Ho conosciuto centinaia di detenuti che hanno attuato lo sciopero della fame: alcuni per futili motivi e subito conclusi dopo qualche ore. Solo una volta ho assistito, all’Asinara, ad una presa di posizione seria da parte di un detenuto napoletano che non riusciva a vedere la propria figlia.

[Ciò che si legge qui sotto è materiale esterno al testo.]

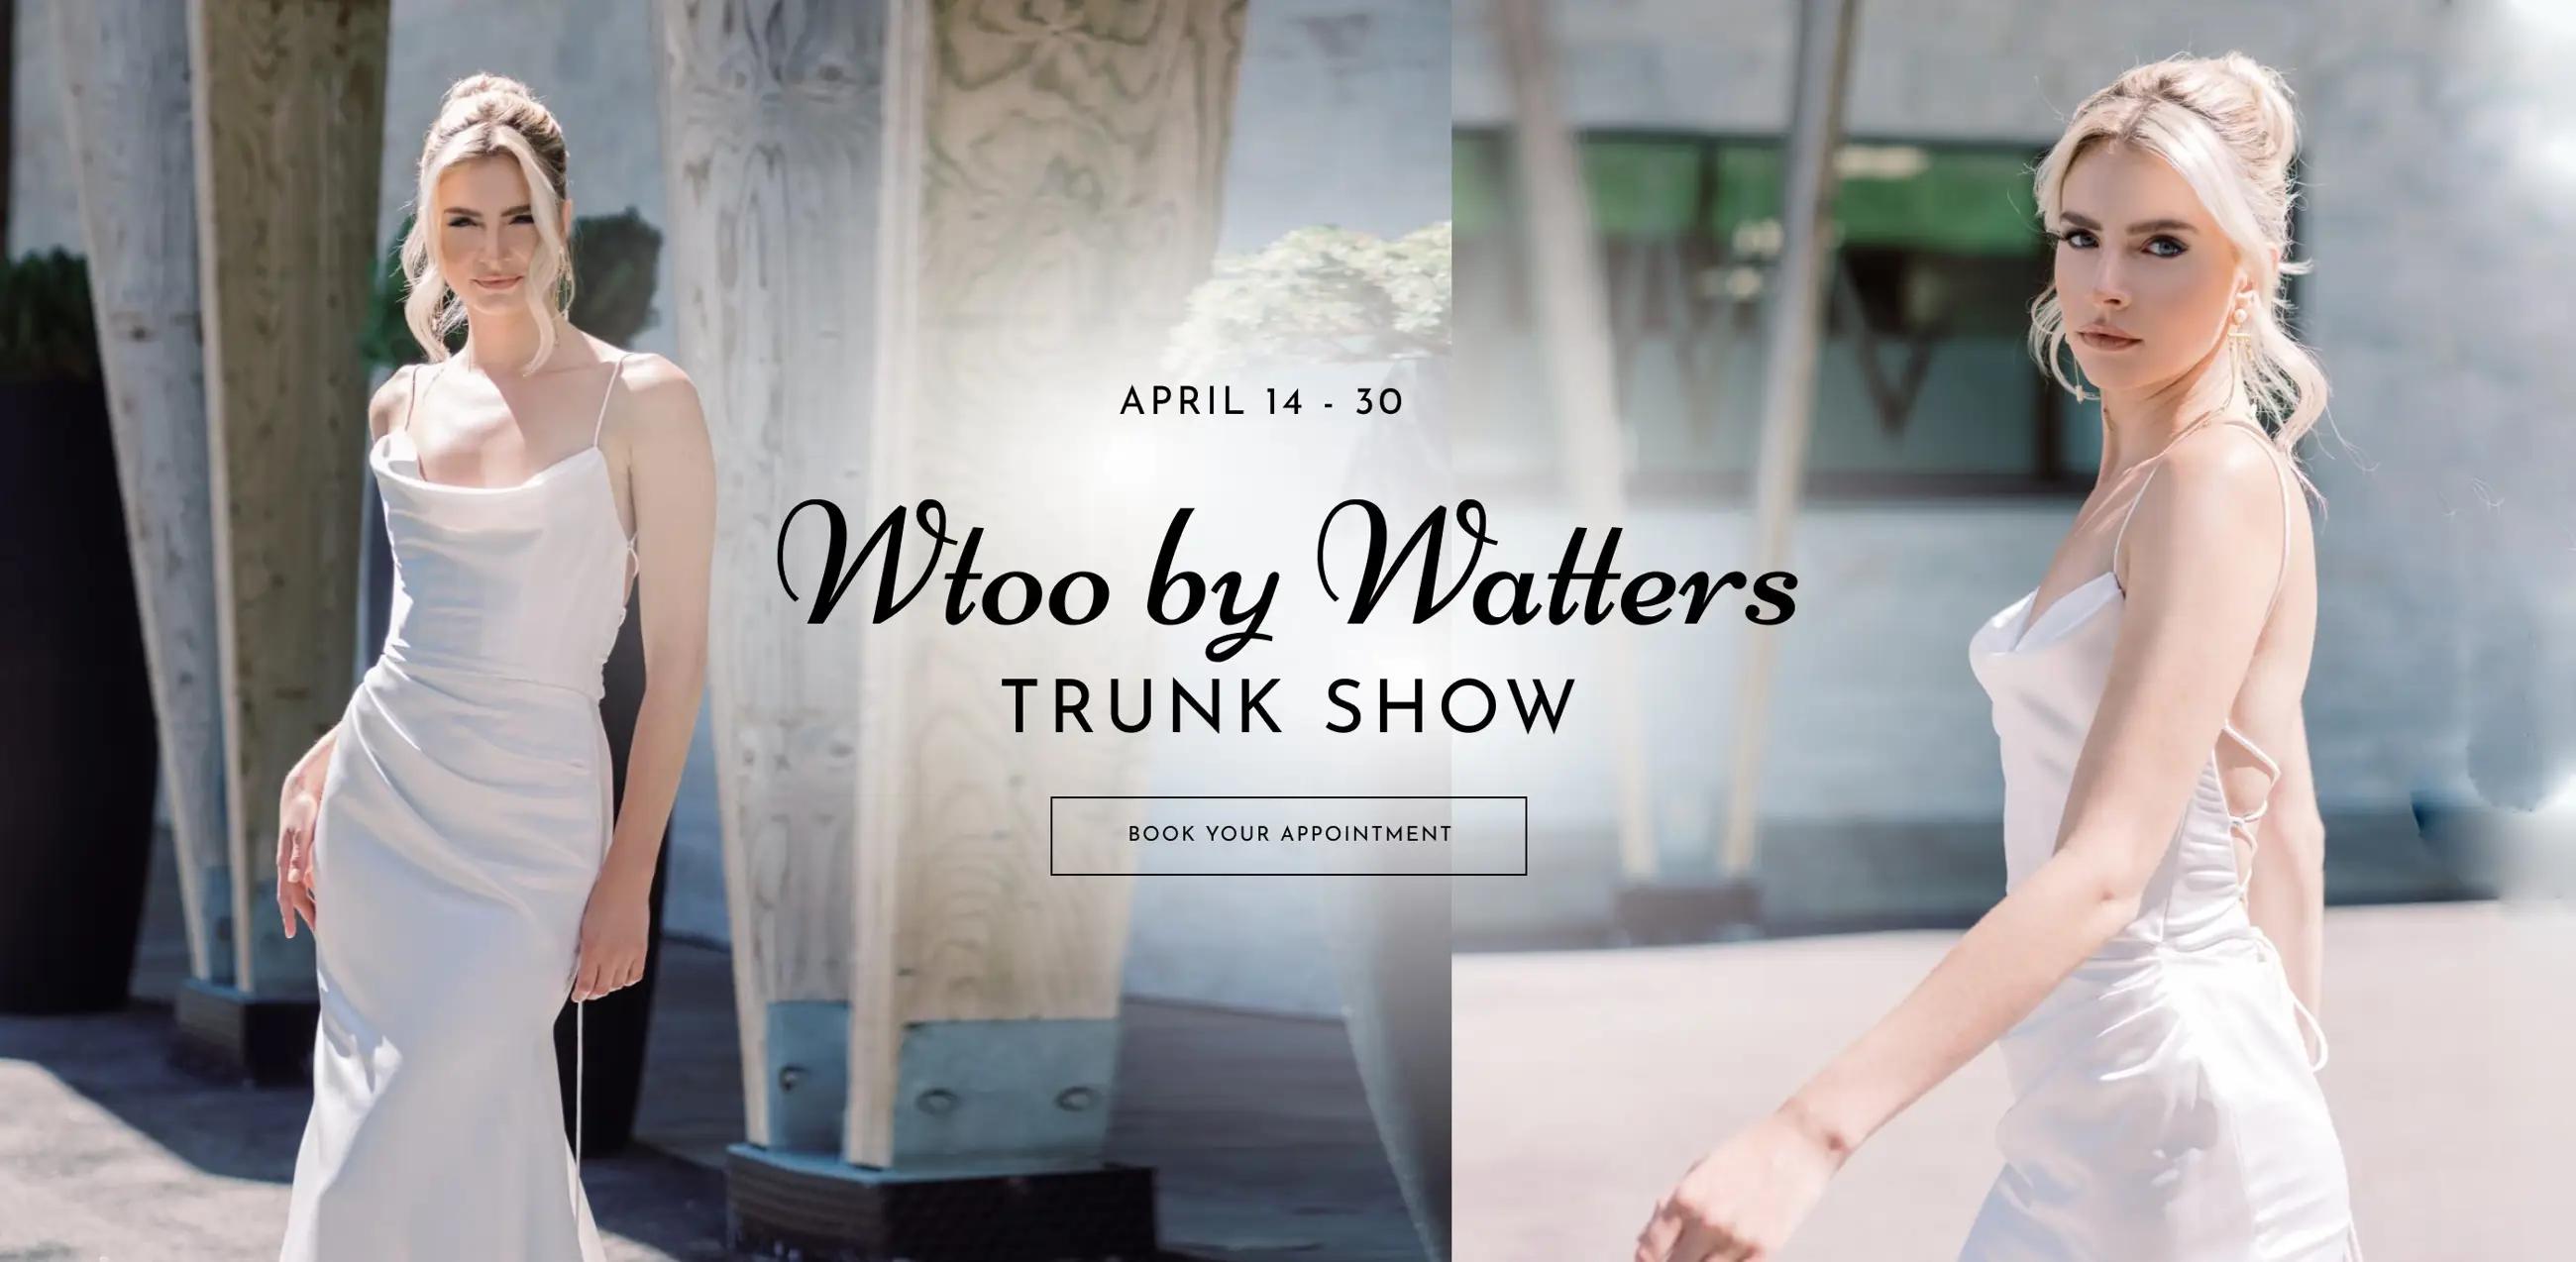 Wtoo by Watters Trunk Show banner

Stare dalla parte di Caino non è semplice però è necessario. Come è necessario provare a chiedere al Ministro della Giustizia di sospendere, almeno sino al 7 marzo il regime di carcere duro. E’ un piccolo passo ed è un passo importante, umano, di dignità. Cospito è un uomo solo, un visionario che ha perduto la sua battaglia. Le sue idee non saranno mai accettate. Le sue ragioni non mi appartengono e nella mia vita mi sono sempre trovato dall’altra parte della barricata: quella che Cospito ha deciso di combattere. Proprio per questo mi posso permettere di chiedere per lui un atto “alto” da parte del Ministro, un atto che riporti tutto ai rapporti di semplice garantismo: aspettiamo il 7 marzo e attendiamo la sentenza della Cassazione. Son cresciuto insieme a Nicolò Amato, direttore generale del Dipartimento dell’Amministrazione Penitenziaria e ho assistito alla nascita dell’area omogenea di Rebibbia dove i brigatisti accettarono di confrontarsi con lo Stato. Quella partita che pareva a tutti folle risultò, invece, vincente. Questo non è un atto di resa. E’, invece, una grande e importante vittoria perché lo Stato non si vendica, lo Stato non tocca Caino. Lo ascolta, gli chiede un passaggio doloroso all’interno del carcere ma utile per dimostrare il valore e il peso della democrazia che Cospito deve saper accettare. Stare dalla parte di Cospito in questa lotta significa, paradossalmente, stare dalla parte dello Stato. E la mafia non c’entra nulla. Stiamo parlando – politicamente e non giuridicamente – di altri approcci e di altri reati. I mafiosi devono rimanere all’interno del circuito di 41 bis in quanto il loro atteggiamento è terribile. Cospito e i suoi reati sono gravi, esecrabili, condannabili e meritevole di pena. Non è questo il punto: occorre una posizione politica diversa, occorre una visione necessariamente altra rispetto a quella che molti stanno attuando in maniera semplicistica. Non mettetevi anche voi dalla parte dei fonditori di chiavi. La riva di quel fiume è ben colma: provate, invece, a ragionare sulla dignità, sul rispetto e sulla forza che uno Stato ha: quella forza è la volontà di offrire a Cospito un’altra lettura, diversa da quella che lui pensa: lo Stato va rispettato e per farlo occorre essere chiari e coerenti. Non aiutano gli attentati degli anarchici e bene farebbero a smetterla: non aiutano Cospito e, purtroppo, non aiutano neppure gli uomini dello Stato.